Foto : Emily Garcia - indocrowdfunding.com
Daftar Isi
  1. Regulasi Udara Jakarta Berusia 21 Tahun, KPBB Desak Pemprov DKI Lakukan Revisi Segera
  2. Related Reading
  3. Frequently Asked Questions

Regulasi Udara Jakarta Berusia 21 Tahun, KPBB Desak Pemprov DKI Lakukan Revisi Segera

Indocrowdfunding.com – KPBB – Pencemaran udara di ibu kota telah menjadi ancaman kesehatan yang tak lagi bisa diabaikan, namun instrumen hukum yang seharusnya menjadi tameng warga justru menua tanpa pembaruan. Peraturan Daerah Nomor 2 Tahun 2005 tentang pengendalian pencemaran udara di DKI Jakarta kini telah berjalan selama lebih dari dua dekade tanpa pernah sekali pun direvisi. Komite Penghapusan Bensin Bertimbel (KPBB) secara tegas meminta Pemerintah Provinsi DKI Jakarta untuk meninjau ulang regulasi tersebut, mengingat siklus normal reviu kebijakan publik hanya berkisar lima tahun.
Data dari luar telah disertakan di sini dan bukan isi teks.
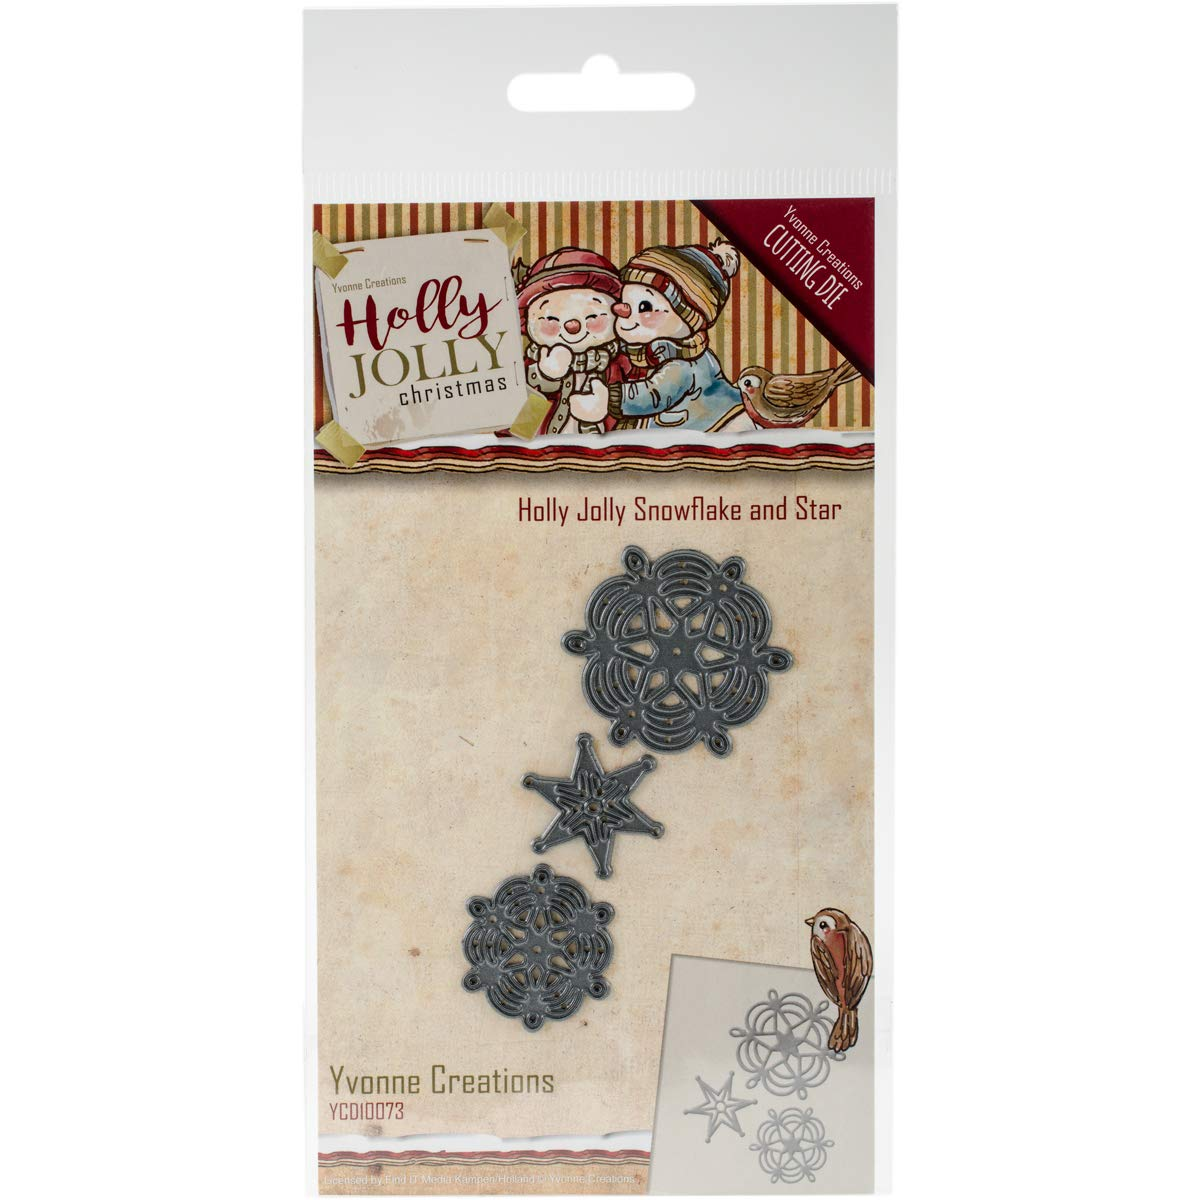 Find It Trading YCD10073 Snowflake & Star Yvonne Creations Holly Jolly Die B01KS0IM2O

Siklus Reviu yang Terabaikan

Ahmad Safrudin, Direktur Eksekutif KPBB, menyoroti ketimpangan antara usia regulasi dan standar tata kelola kebijakan yang berlaku. Dalam pernyataan resminya yang diterima di Jakarta pada Rabu, ia menegaskan bahwa Perda No 2/2005 sudah melampaui batas wajar tanpa pembaruan berarti.

“Normalnya reviu dan revisi regulasi adalah lima tahun. Namun, Perda No 2/2005 sudah lebih dari 21 tahun masih belum direviu apalagi direvisi.”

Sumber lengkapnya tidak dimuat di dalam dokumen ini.